Cela ne veut pas dire que la Russie a atteint une position de domination tous azimuts sur les États-Unis, mais cela signifie que les États-Unis ont totalement failli dans leurs efforts, pour même approcher la possibilité d’une domination complète sur la Russie et, par conséquent, sur le reste de la planète. Il est important de comprendre que si, pour les États-Unis, il est crucial de parvenir à la supériorité, pour la Russie, il suffit de nier cette supériorité.
La Russie n’a donc pas besoin de réaliser quoi que ce soit qui ressemble de près ou de loin à une domination totale sur les États-Unis et l’OTAN. Tout ce qu’elle doit faire, c’est empêcher l’Empire de la soumettre par la force ou la menace de la force.
Le gros problème de la concurrence interne
Comme je l’avais prédit dans mon article « Comprendre le rôle des avions de 5e génération en Syrie », il y a maintenant des déclarations officielles de haut niveau indiquant que la Russie pourrait ne produire qu’une quantité limitée de chasseurs Su-57. Pourquoi ? La génération 4++ du Su-35S est déjà très bonne et bien moins chère que le Su-57 et que l’argent russe devrait aller vers le développement d’un chasseur multirôle de 6e génération.

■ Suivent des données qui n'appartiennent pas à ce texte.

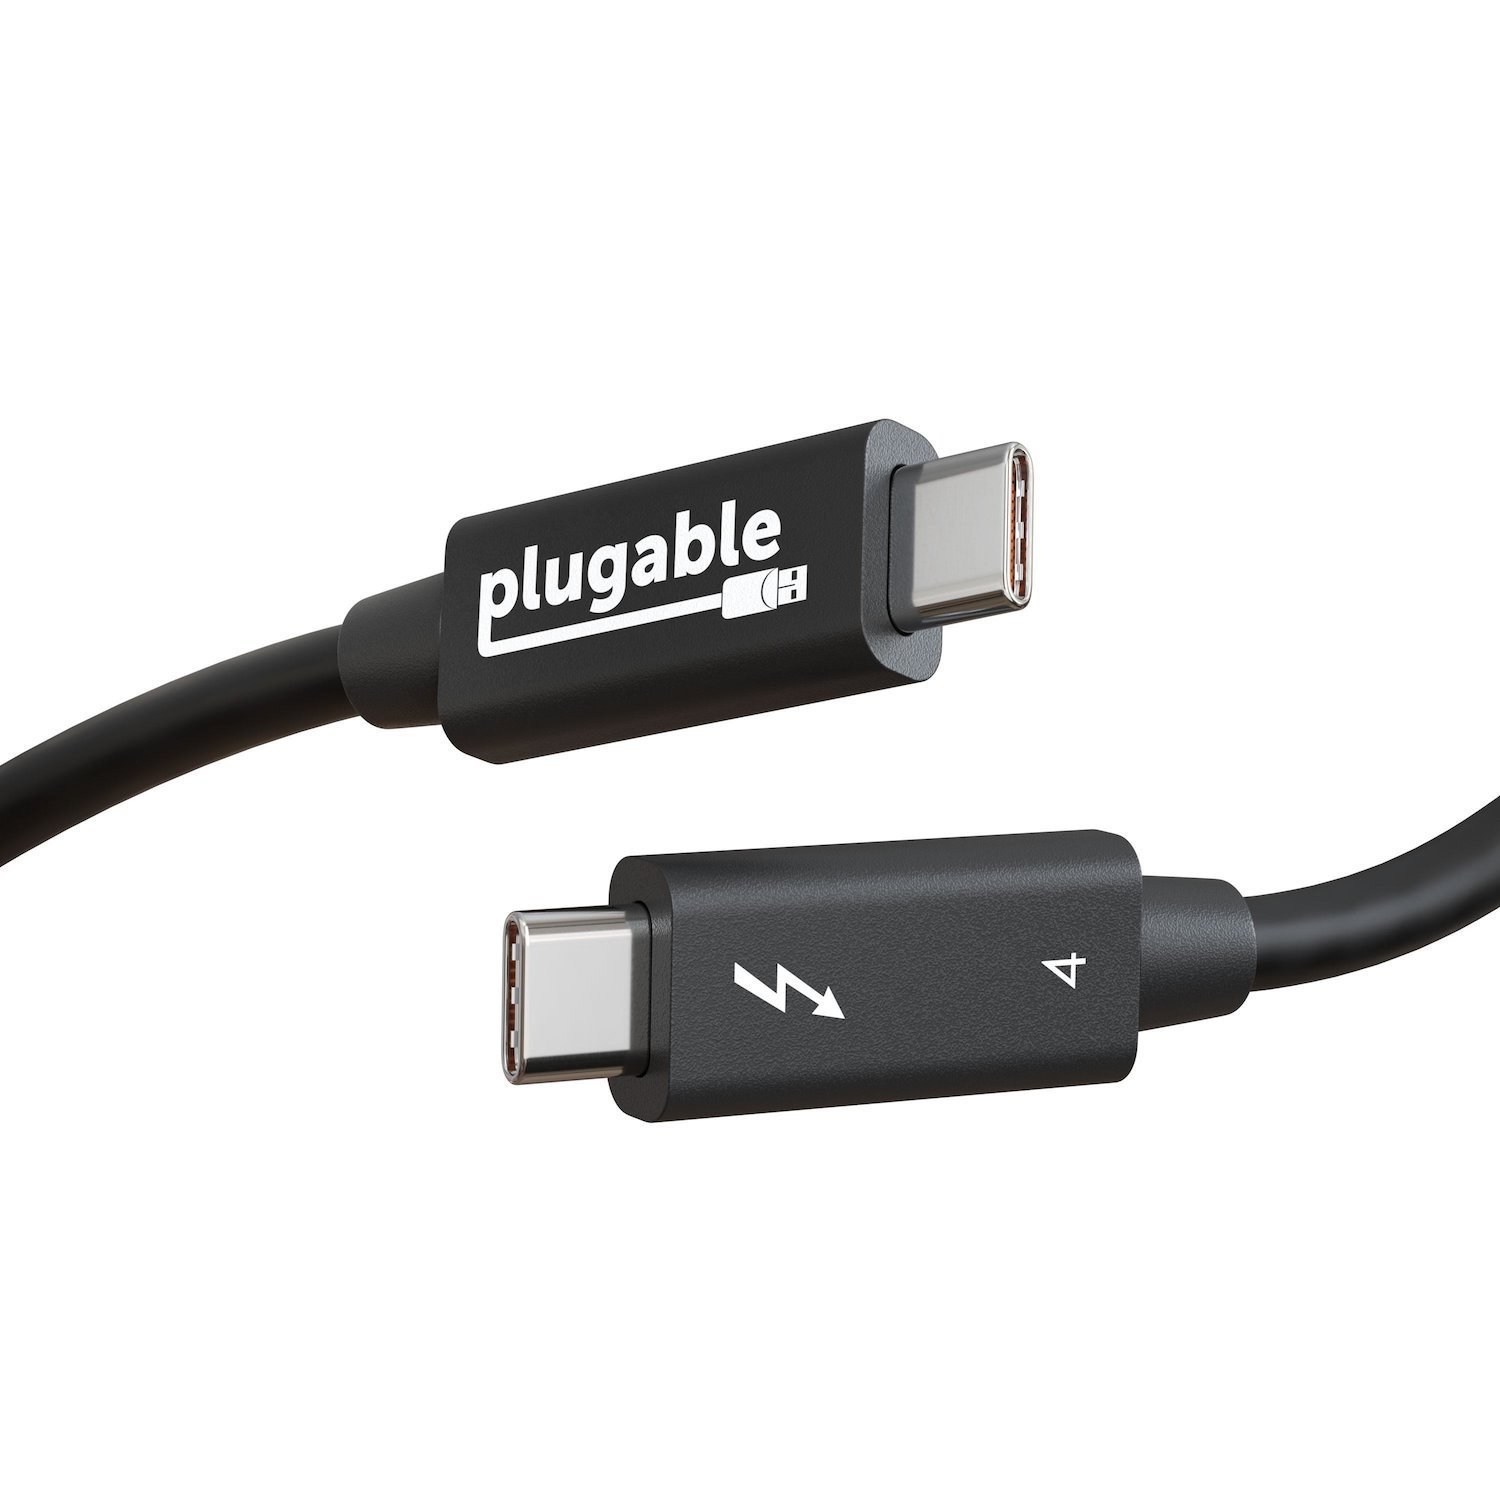 Plugable Technologies Thunderbolt 4 Cable 2M/6.6ft 100W Single 8K/Dual 4K Displays 40Gbps Transfer (Plugable TBT4 Cable 2M 100W 40Gbps)

En d’autres termes, la principale menace pour le programme Su-57 n’est pas la concurrence étrangère – les Russes veulent proposer le Su-57 à l’exportation ! – mais la concurrence interne. La même chose est arrivée au programme MiG-35 (et avant cela au projet MiG 1.44) : ils ont été battus par Sukhoi. Le MiG-35 semble finalement avoir été sélectionné comme avion de combat frontal, mais le schéma général est clair : contrairement à l’URSS, la Russie ne peut pas se permettre de développer, en même temps, plusieurs systèmes d’armes similaires ou se chevauchant.
Certains systèmes d’armes seront produits en quantité limitée tandis que d’autres pourraient être annulés. Quelque chose de similaire se produira probablement dans les programmes ASAT russes : les projets seront en compétition et tous ne seront pas déployés. Cependant, ce qui est clair, c’est que les Russes travaillent avec beaucoup d’intensité sur un certain nombre de technologies différentes dont le but sera de supprimer les capacités spatiales américaines dans les premières phases de tout conflit.
En revanche, les USA ont dépensé tellement d’argent pour des systèmes d’armes très profitables [aux entreprises privées de la défense] mais inutiles, que redémarrer un programme ASAT à grande échelle prendra beaucoup de temps – même si Trump a déjà déclaré vouloir construire des « forces spatiales », consultez cet excellent commentaire de Philip Giraldi sur ce sujet – probablement des décennies.
Les développements de systèmes d’armes modernes ont une énorme inertie : ils sont difficiles à démarrer, difficiles à développer et difficiles à arrêter une fois démarrés. Cela est particulièrement vrai pour un complexe militaro-industriel (MIC) profondément corrompu et délirant comme celui des États-Unis (voir mon compte-rendu de l’excellent ouvrage d’Andrei Martyanov sur ce sujet ici).
Considérant la crise actuelle de l’Empire anglo-sioniste et la guerre commerciale de sanctions que Trump mène actuellement sur la majeure partie de la planète, les chances pour les planificateurs des forces américaines de corriger leurs erreurs passées et de réagir adéquatement à la nouvelle réalité sont probablement très proches de zéro. La tentative de Trump de développer les forces spatiales est donc encore un autre cas de trop petit, trop tard. L’écart entre les capacités militaires américaines annoncées et réelles ne fera qu’augmenter dans un avenir prévisible.